A few months after playing hardcopy Scrabble, it started to get a bit stale, so I downloaded the game Spell Tower for the iPad. Spell Tower is slightly different to Scrabble in that instead of placing tiles on the board, you trace a line across letters on the board, and once you make a word, the letters around it are deleted. A minimum of three letters is required to make a word, and the longer the word, the more points scored (my personal best is INSULATORS for 940 points, but it’s not at all transparent how the words are scored).

Spell tower gameplay

So in the screenshot above, the word created is SERPENTINE, and that then deletes all the letters in pink around the line.
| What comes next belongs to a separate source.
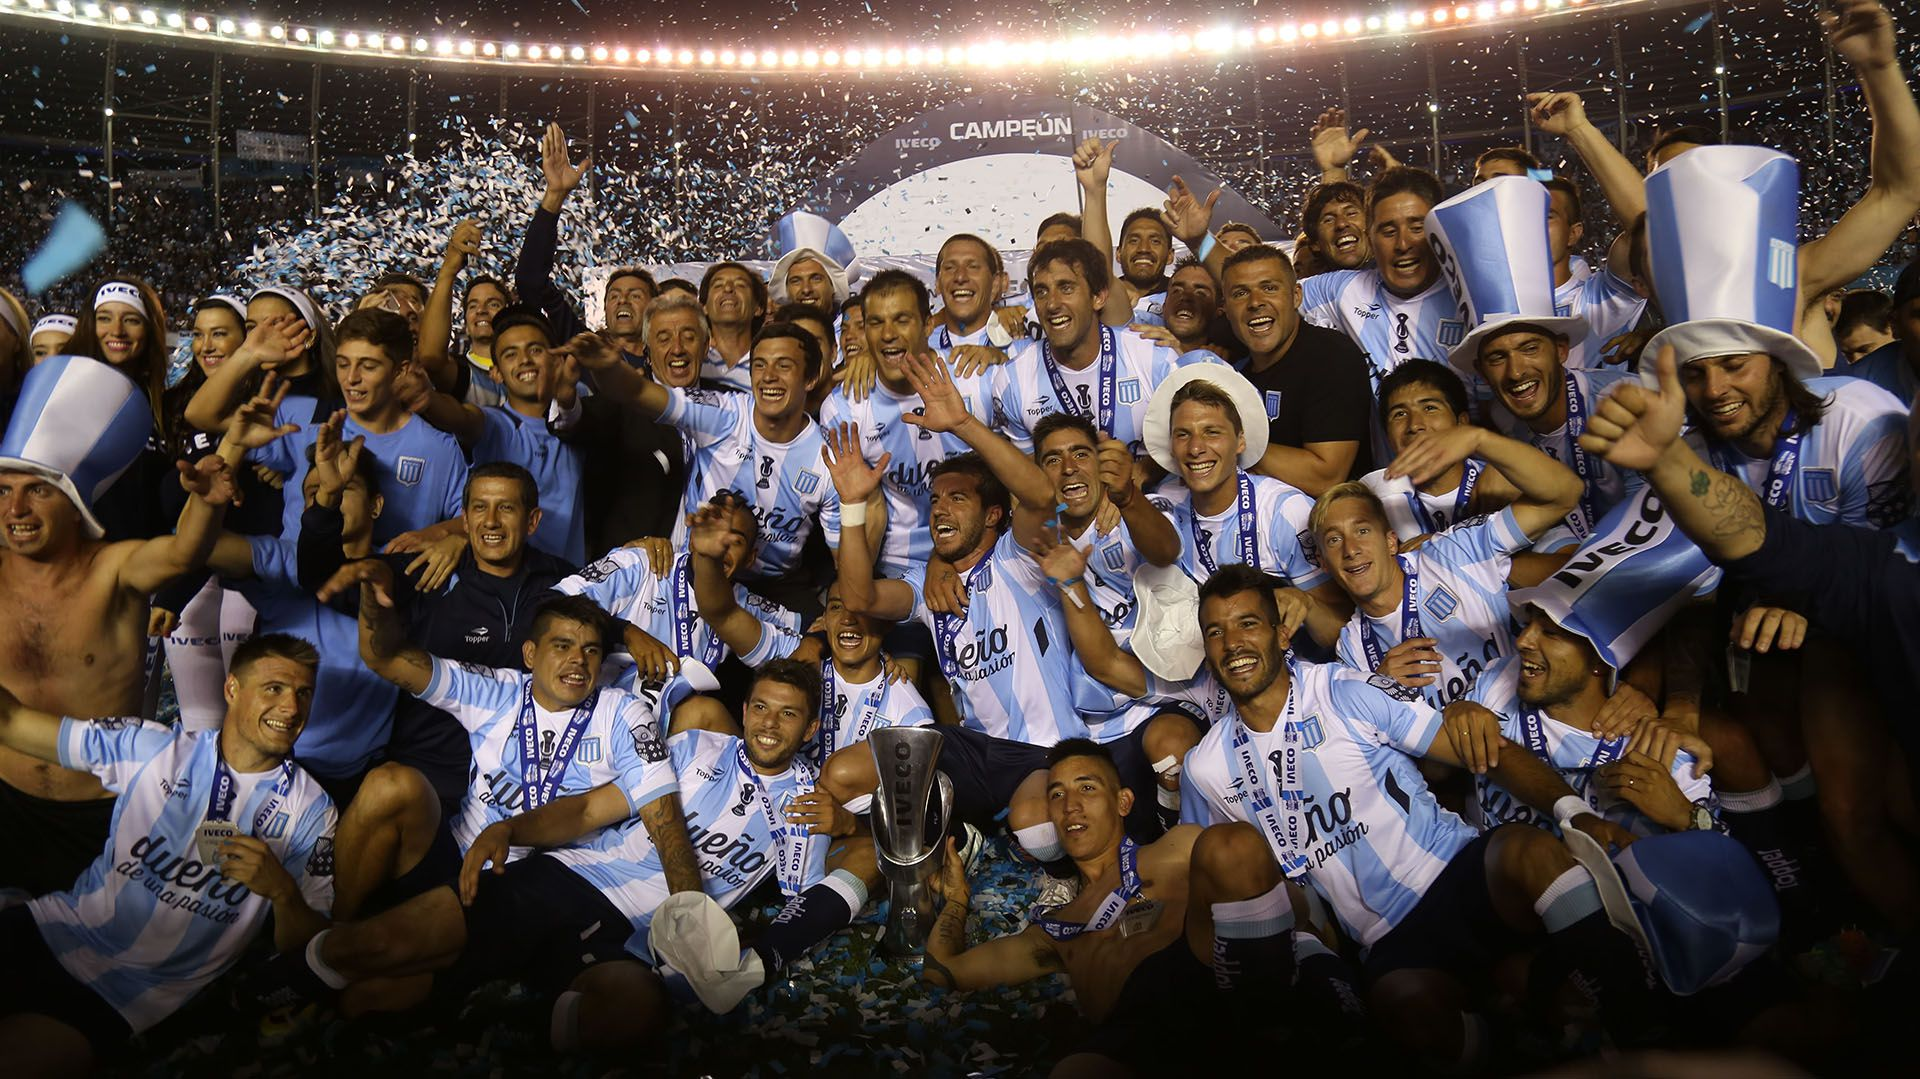 Los jugadores de Racing festejan el campeonato obtenido luego de vencer a Godoy Cruz por 1 a 0 en 2014. Foto NA: JUAN VARGAS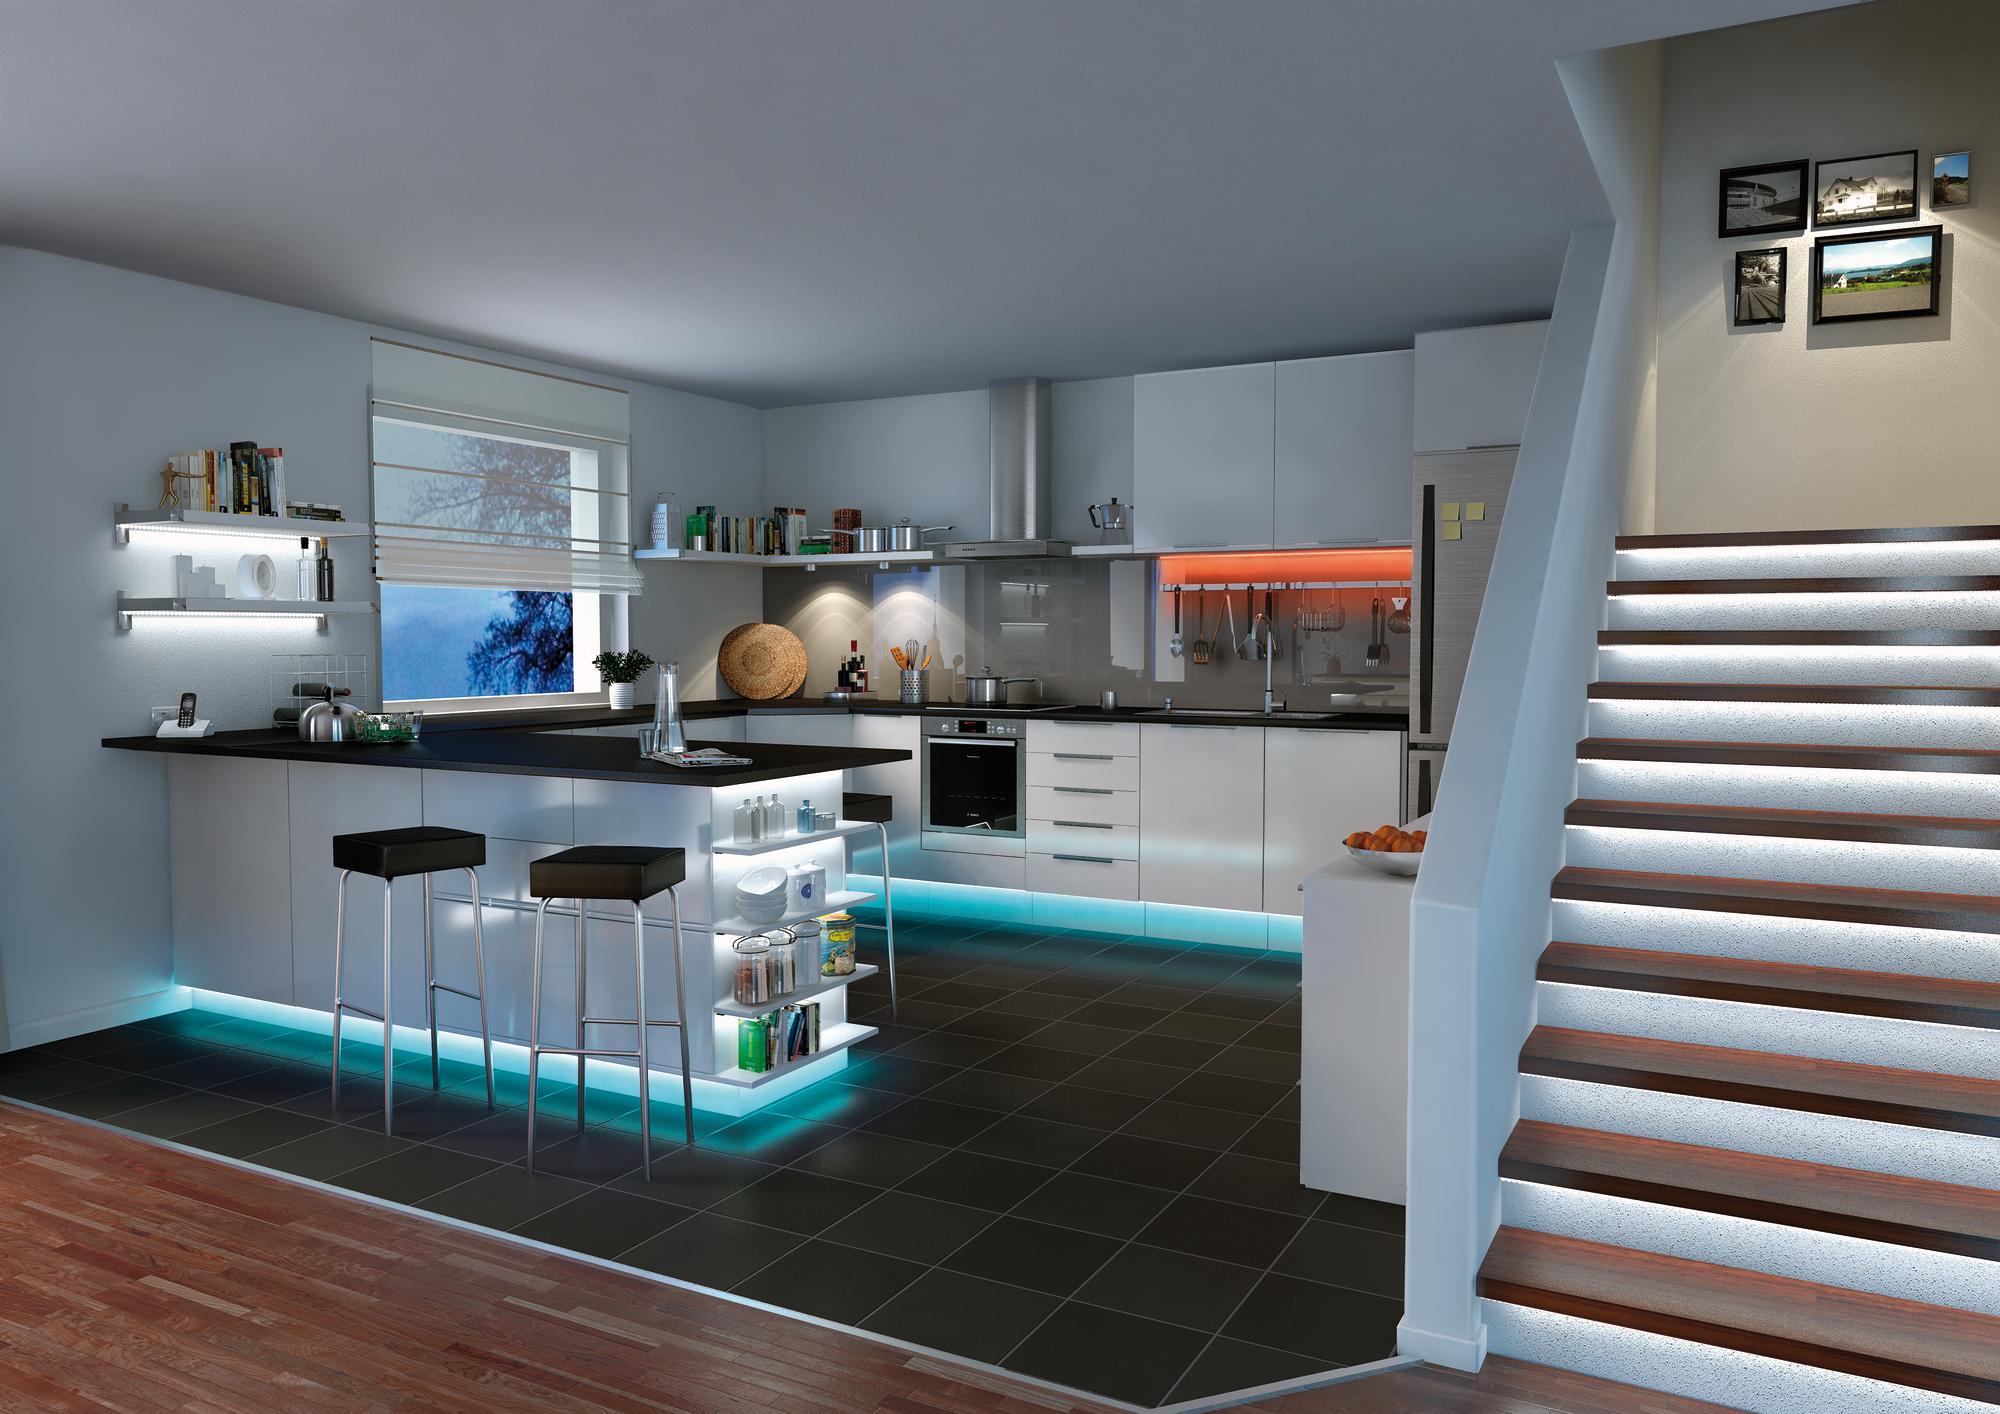 захочет господь кухни с подсветкой фото дизайн здесь

In Spell Tower, there’s a few different modes, with the two main ones being 1) to score the highest number of points from a full board and 2) to stop the board from filling up (kind of like a tetris for words). Both are good fun, but the more I played it, the more I realised that the underlying dictionary is very different to that of Scrabble. For example, the following words are all acceptable words in Spell Tower, but not for Scrabble: SLOOMED, FIEST, TINTY, and TILERY. Conversely, almost none of the plural two letter Scrabble words are accepted in Spell Tower, so you can’t have AAS, ZAS, QIS, or KIS. I’m not sure why it’s been designed in this way, since words like BET, ADD, SIT and so on are all fine, but at least with Scrabble you have an official dictionary, which isn’t the case with Spell Tower. This kind of put me off Spell Tower a bit, because it eventually became a game of trial and error to see what words worked and which didn’t, and in a game where you can actually lose, that got quite annoying. And in Scrabble, you can play things like the following (EVICTION for 194) and feel quite smart and smug for having spotted it (credit to Rebecca for playing this word, not me!).